Ein weniger häufiges Motiv stellte die Iris mit Pupille auf den Perlen dar. Es findet sich zum Beispiel auch auf Glasgefäßen zum Schutz des jeweiligen Inhaltes. Es ist anzunehmen, dass solch eine stilisierte Widergabe des Augenmotivs durch die einfache und schnelle Fertigung begründet ist: Einen Kreis mit einem mittigen Punkt in Glas herzustellen, war wesentlich unkomplizierter als ein Udjat-Auge mit seinen vielen Strichen.
Die magischen Symbole auf der bereits erwähnten, einzigen Perle mit Anch, Djed-Pfeiler und Was-Zepter sollten den Träger mit Lebenskraft, dauerhafter Stärke und Macht ausstatten. Befestigt am Joch des Pferdes diente das Perlengehänge demnach nicht nur als Zierde, sondern insbesondere als tatkräftiger Schutz-Talisman, der Pferd, Wagen und in diesem Zuge auch den Besitzer unterwegs behütete, ganz gleich ob es auf eine Spazierfahrt, auf die Jagd oder in eine Schlacht ging.
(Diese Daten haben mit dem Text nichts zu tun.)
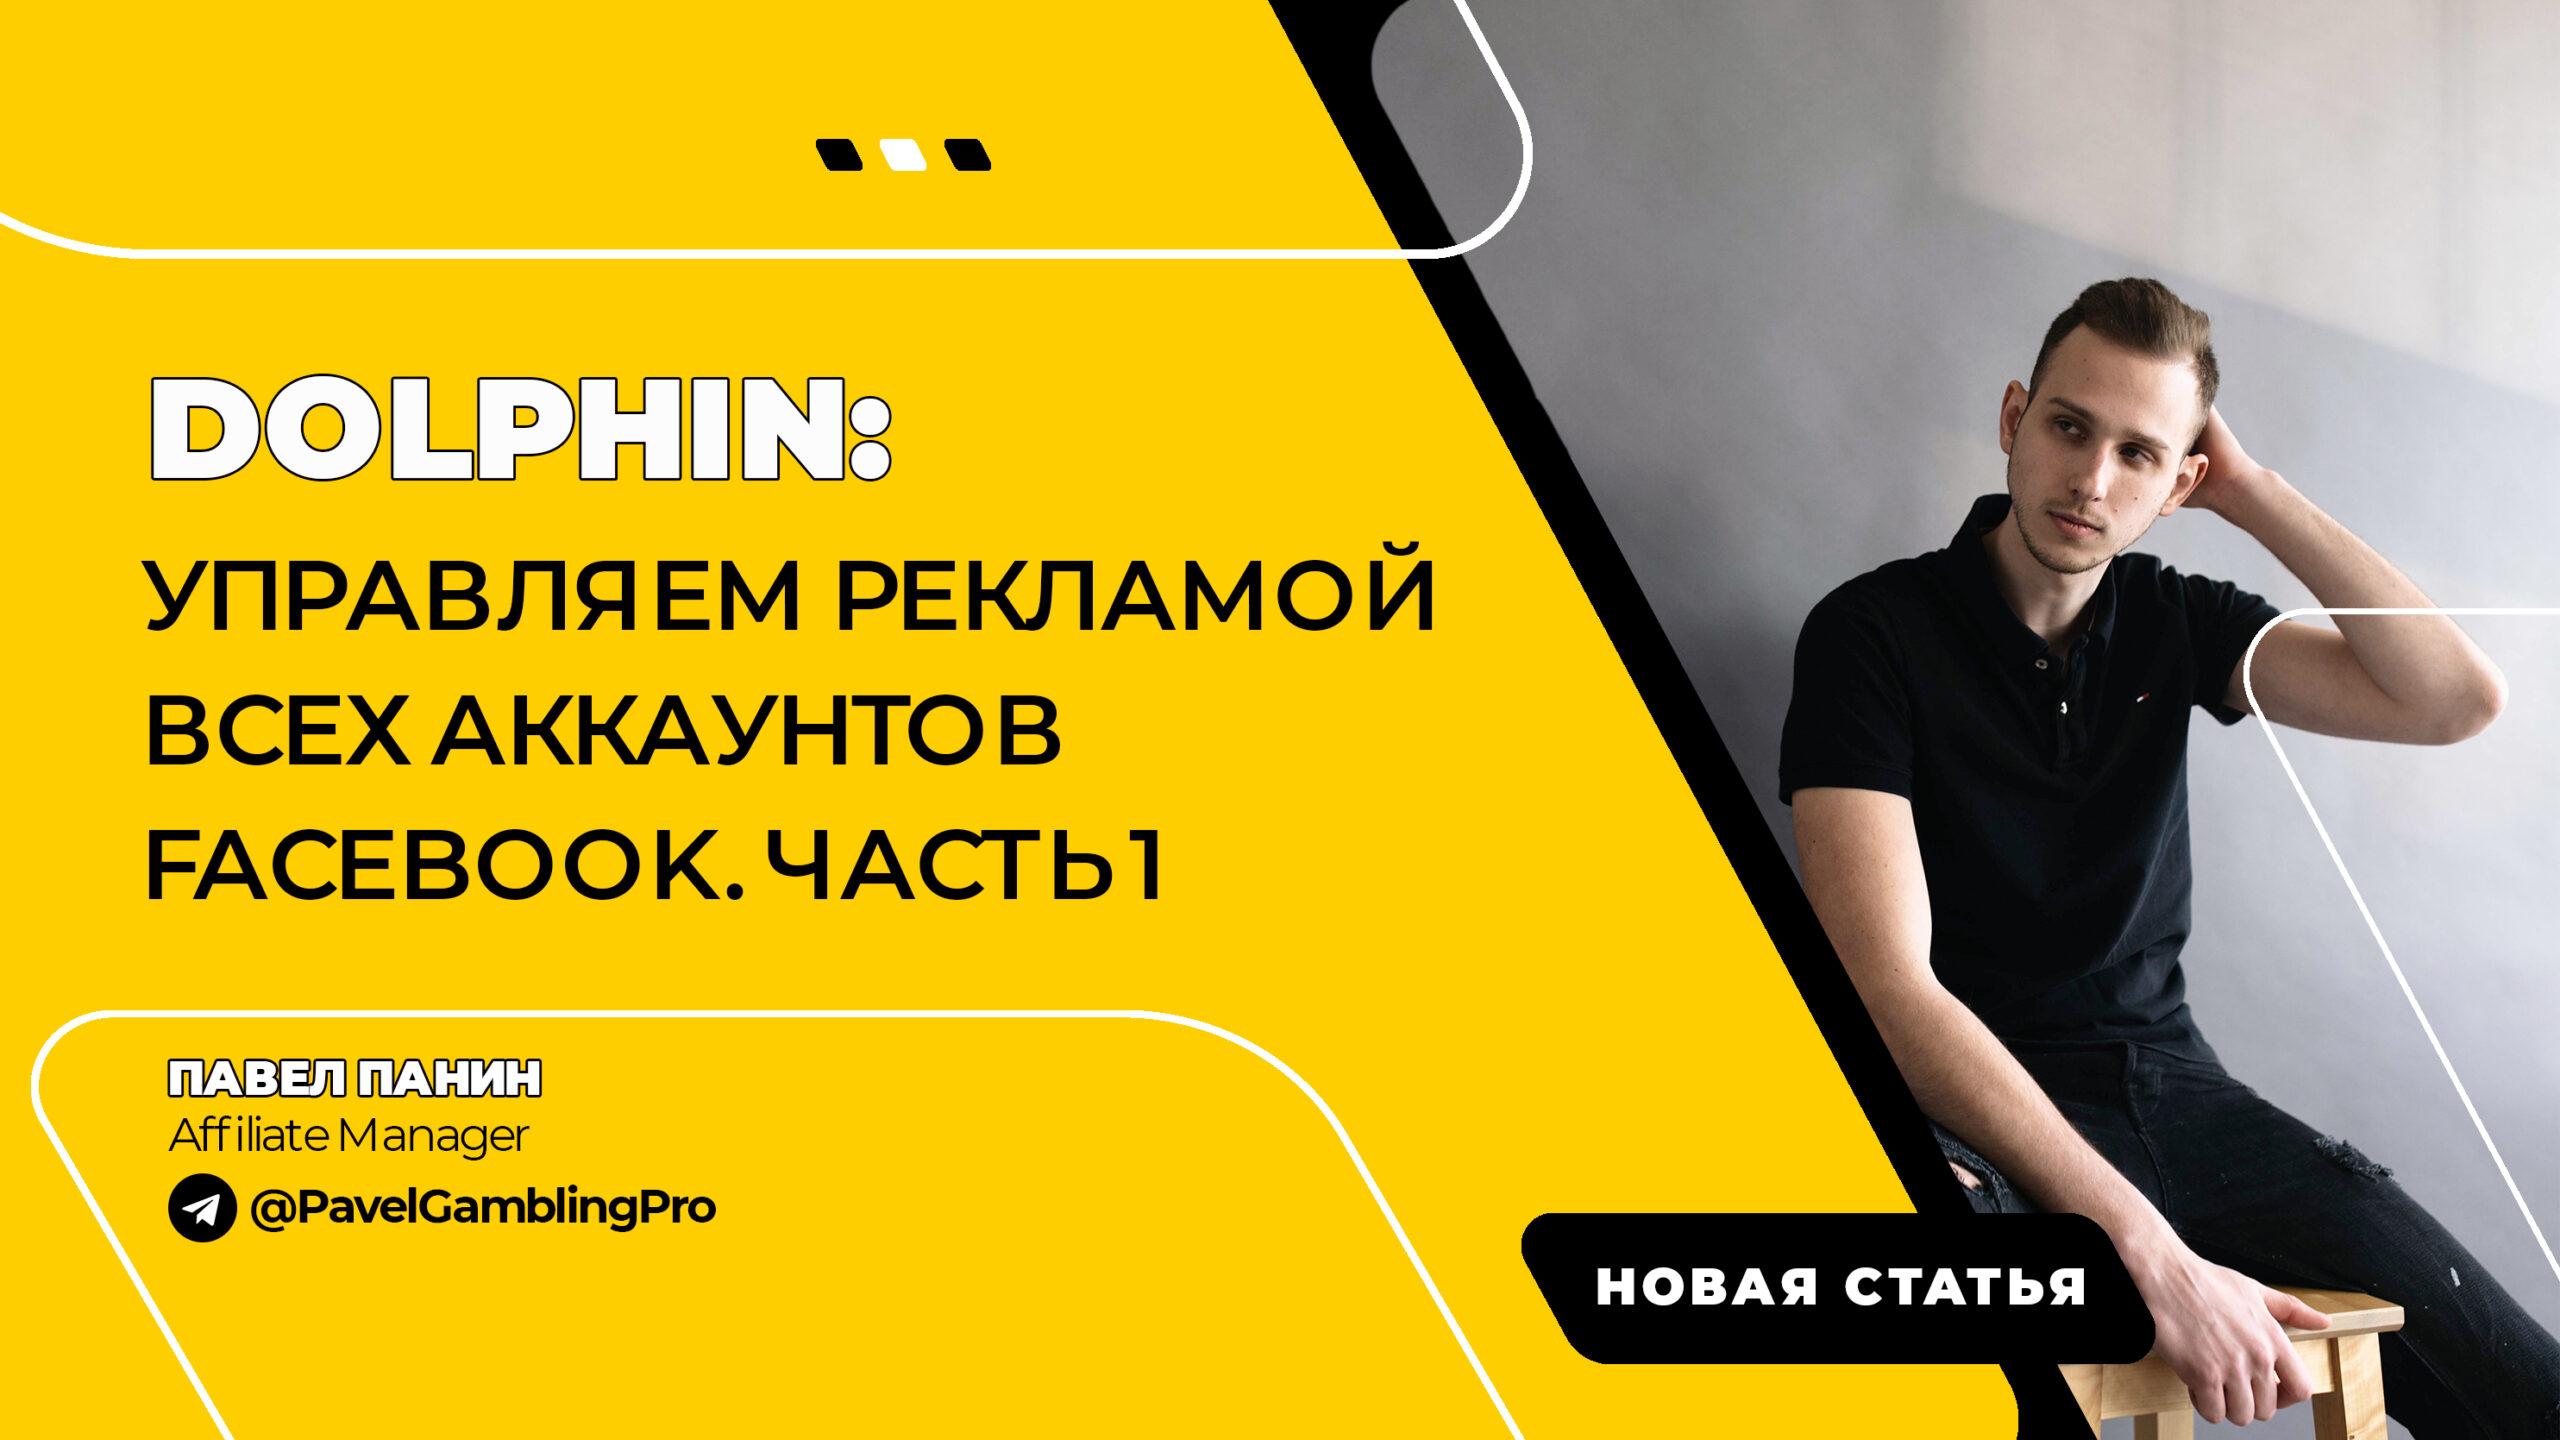 Dolphin: управляем рекламой всех аккаунтов FaceBook. Часть 1

Amenophis IV. und Nofretete auf dem Streitwagen: das am Geschirr des Pferedes befestigete Jochgehänge ist rot markiert. (Abbildungs-Quelle: N. Davies, The Rock Tombs of El Amarna. Part III. The Tombs of Huya and AHmes (Archaeological Survey of Egypt. Fifteenth Memoir), London 1905, Pl. 32A.)
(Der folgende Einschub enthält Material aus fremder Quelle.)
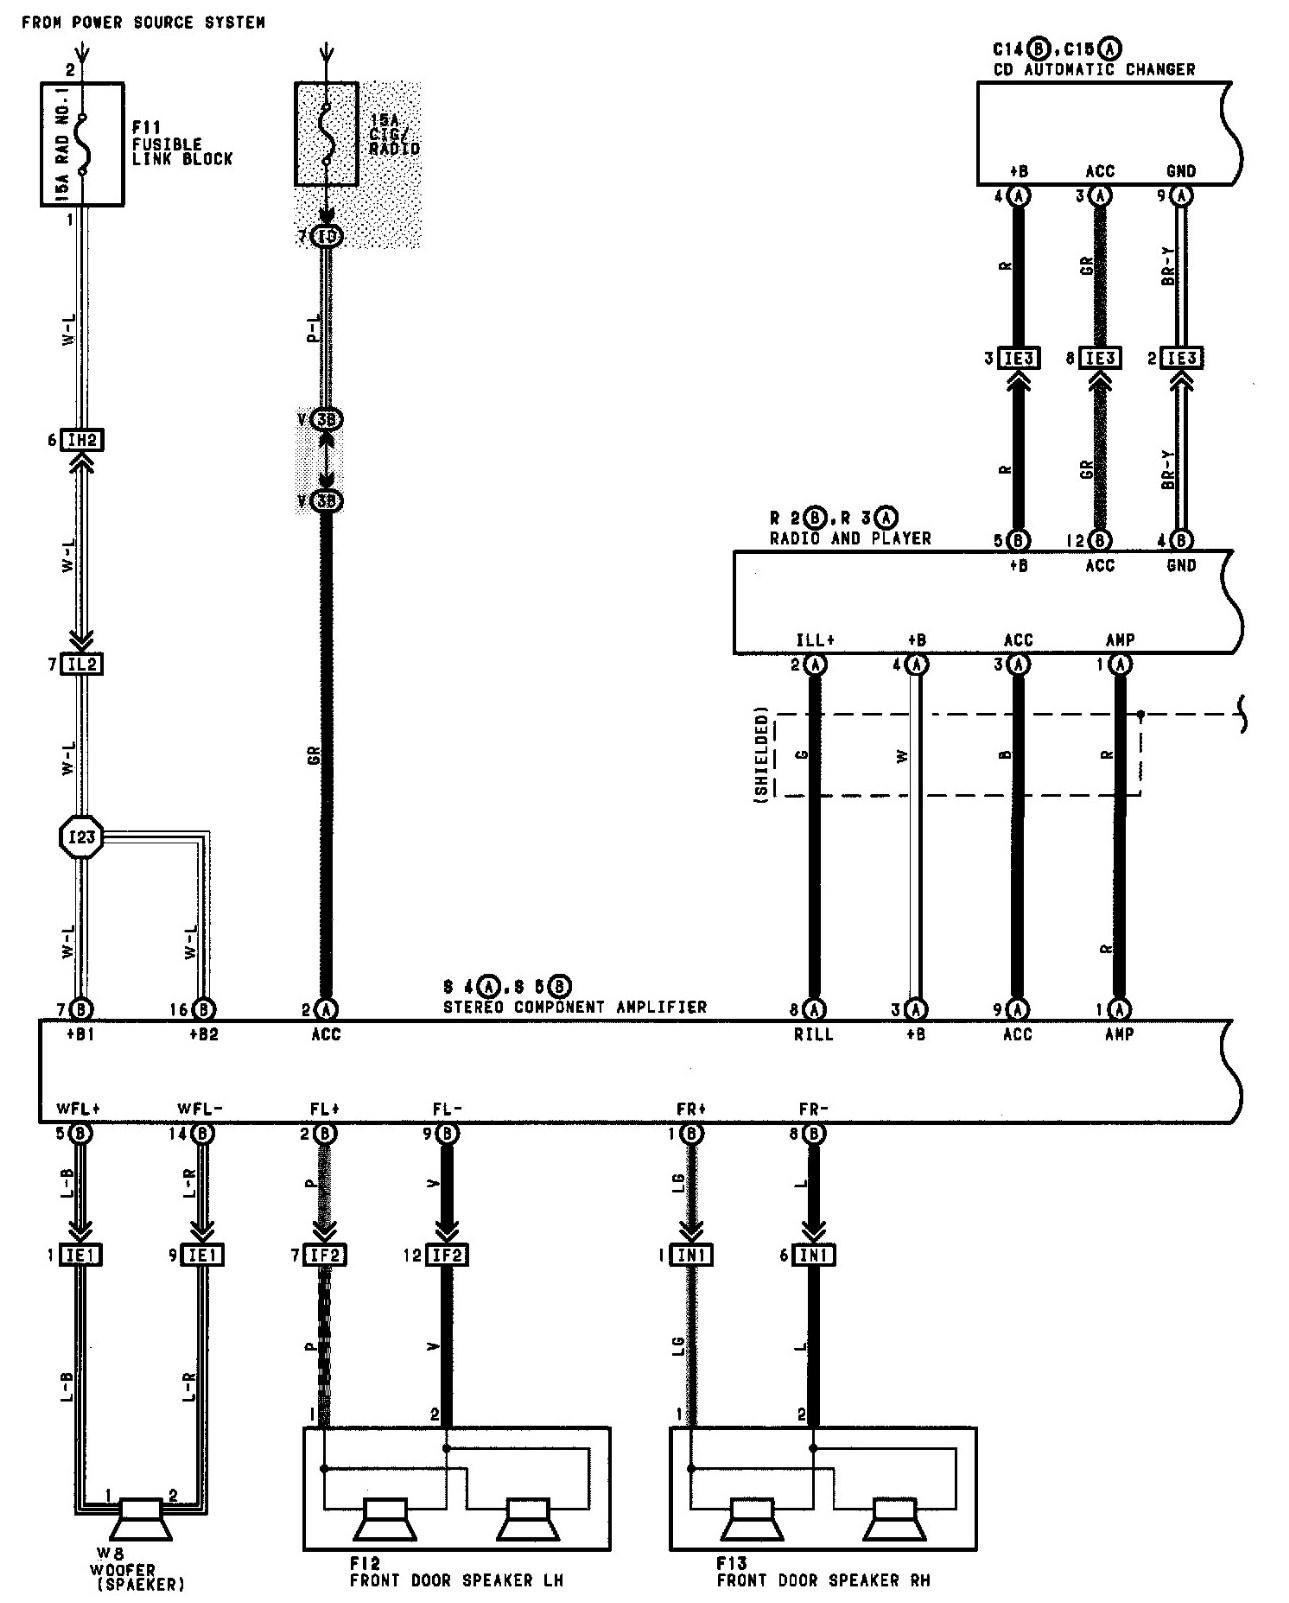 2003 toyota Camry Wiring Diagram Pdf - 2003 toyota Avalon Stereo Wiring Diagram toyota Prius Wiring Diagram Pdf Lovely Fantastic Viper 3105v 3l

Amenophis IV. und Nofretete auf dem Streitwagen: das am Geschirr des Pferedes befestigete Jochgehänge ist rot markiert. (Abbildungs-Quelle: N. Davies, The Rock Tombs of El Amarna. Part III. The Tombs of Huya and AHmes (Archaeological Survey of Egypt. Fifteenth Memoir), London 1905, Pl. 32A.)

Keine schlechte Sache also, so ein Jochgehänge mit 35-fachem Schutz bei seiner Fahrt dabei zu haben. Vielleicht sollte man die Produktion solcher Ketten wieder neu auflegen, denn als dekorativer Glücksbringer an Auto-Rückspiegeln würden sie sicher einen neuen Trend auslösen!